Исайя прищелкнул пальцами.
- Стибрил.
Он был главарем шайки мальчишек из наших, из католиков; они промышляли по соседним деревням, не только обирая фруктовые сады, но и наведываясь в дома, в курятники. Они только и делали, что сквернословили, да почище самого Пьетрокьодо: изучили самую крепкую ругань и делились своими познаниями - католик с гугенотом и наоборот.
- Я не только ругаюсь, - рассказывал мне Исайя, - я еще лжесвидетельствую, не поливаю фасоль, не почитаю отца с матерью и поздно возвращаюсь домой. Вообще-то я хочу совершить все грехи на свете, даже такие, до которых, как мне говорят, я еще не дорос.
- Все грехи? - переспросил я. - А убийство?
Он пожал плечами.
- Нет, убивать я никого не собираюсь, пока мне это ни к чему.
- А вот мой дядя убивает и заставляет других убивать только потому, что это ему доставляет удовольствие - так все говорят. - Мне хотелось самому чем-то похвастаться.
Исайя сплюнул.
- Забава для психов, - отрезал он.
Где-то близко прогремело, и полил дождь.
- Тебя будут искать, - сказал я Исайе. Меня-то никто никогда не искал, но я видел, что других мальчишек вечно разыскивают родители, и считал это делом первостепенной важности.
- Подождем, когда дождь перестанет, - сказал Исайя, - а пока сыграем в кости.
Он вынул кости и стопку монет. Денег у меня не было, а потому я поставил на дудку, ножик, пращу и все проиграл.
- Не отчаивайся, - утешал меня под конец Исайя, - я ведь жульничаю.
Наружу не выглянешь: гремит гром, сверкают молнии, ливень - как из ведра. Пещера Исайи постепенно заполнялась водой. Исайя выбрал место посуше, чтобы спрятать табак и другие свои запасы.
- Теперь зарядил на всю ночь. Давай переберемся в дом от греха подальше.
Мы промокли до нитки и вывозились в грязи, пока добрались до дома старого Иезекииля. Гугеноты сидели вокруг стола при свете лампады и старались вспомнить что-нибудь из Библии. Однако, опасаясь исказить ее смысл и содержание, делали вид, что просто рассказывают прочитанные где-то и когда-то истории.
- Чума и холера! - вскричал Иезекииль, когда сын показался в дверях, и так ударил кулаком по столу, что лампада погасла.

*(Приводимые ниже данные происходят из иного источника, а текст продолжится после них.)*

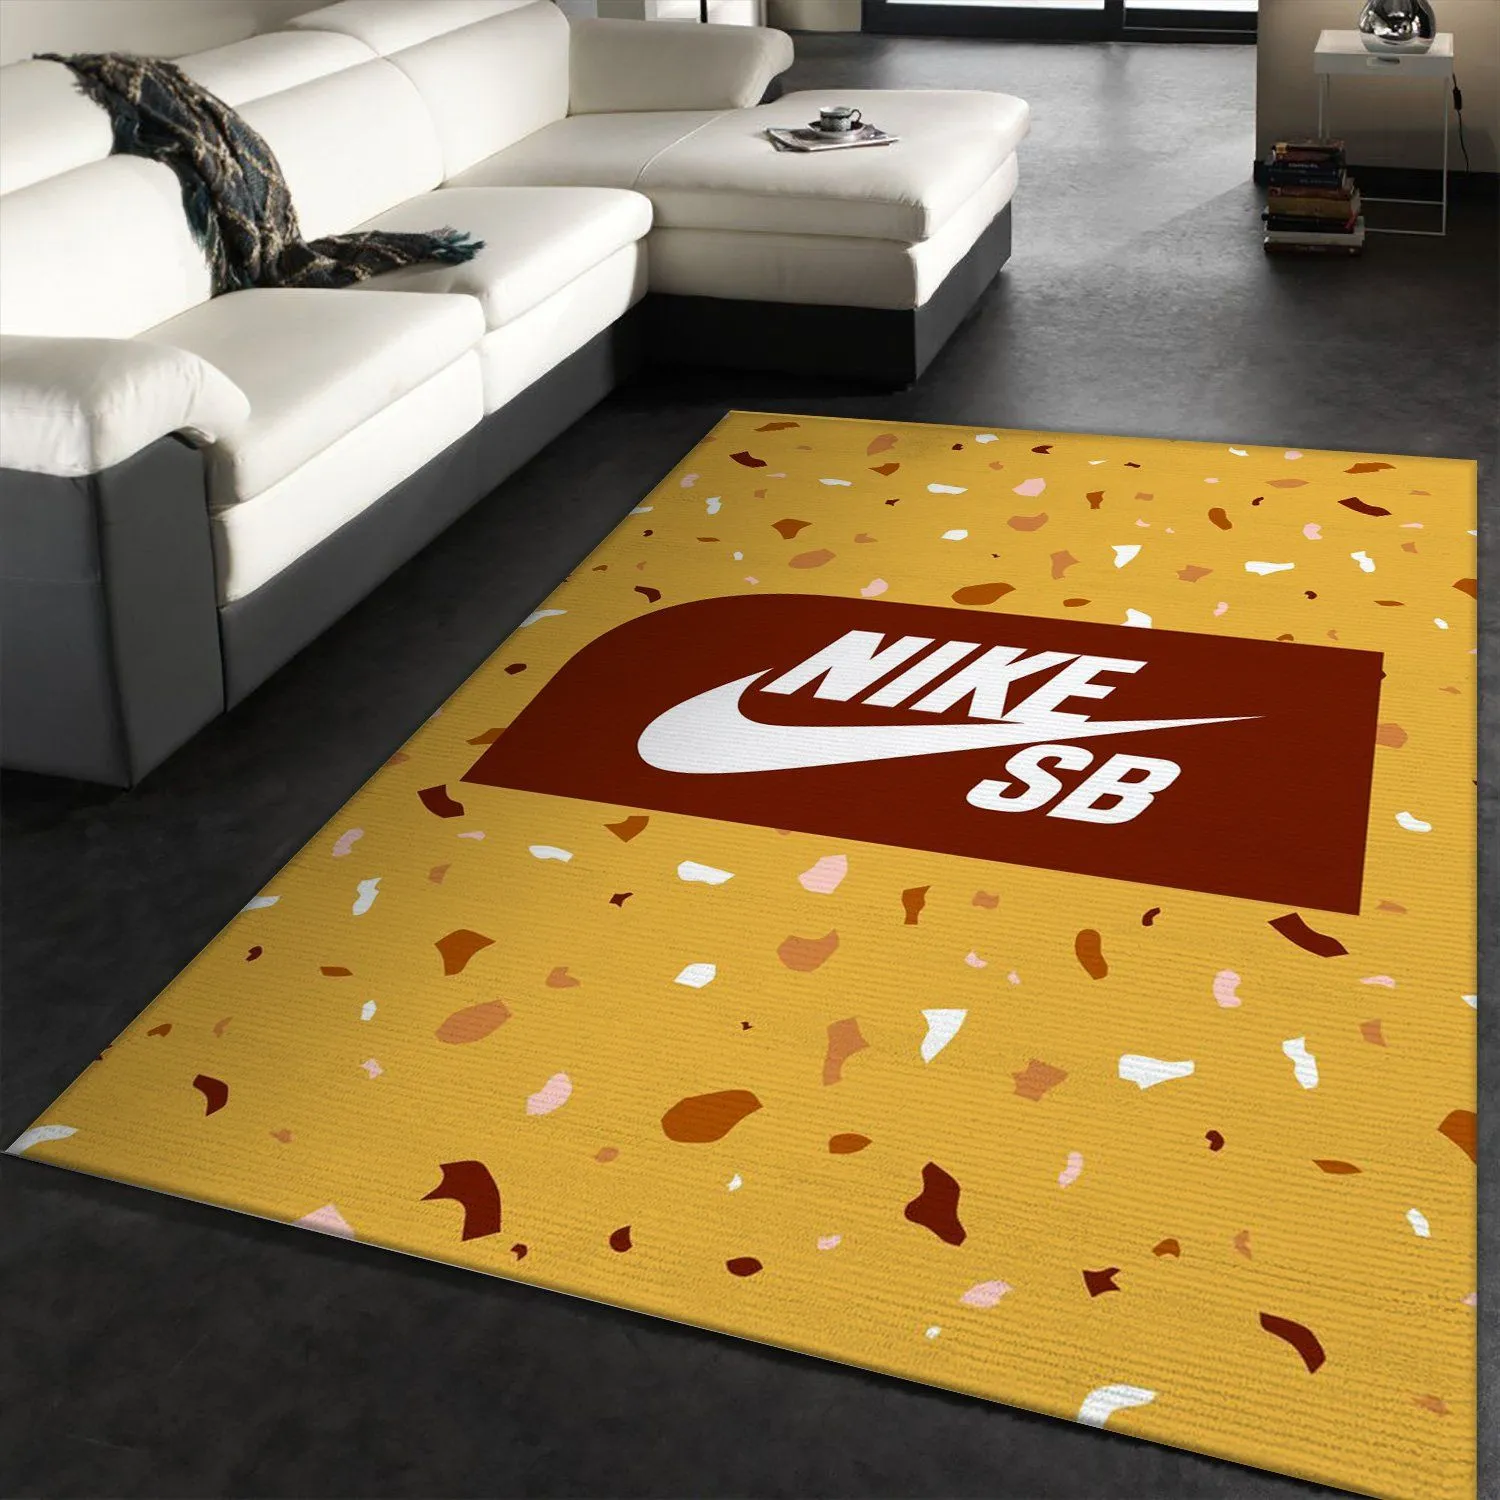 Nike Sb Rectangle Rug Area Carpet Door Mat Fashion Brand Luxury Home Decor

От страха у меня застучали зубы. Исайя и ухом не повел. За окнами творилось что-то невообразимое: казалось, все громы и молнии обрушились на Коль-Жербидо. Пока вновь затеплили лампаду, старик, потрясая кулаками, вспоминал сыну все его проступки, и выходило, что гнуснее грехов не бывало, хотя знал он лишь малую их толику. Мать одобрительно кивала, а все остальные - зятья, невестки и внуки - слушали, поникнув головой и закрыв лицо руками. Исайя как ни в чем не уписывал дыню. Я же, оглушенный раскатами и голосом Иезекииля, дрожал как осиновый лист.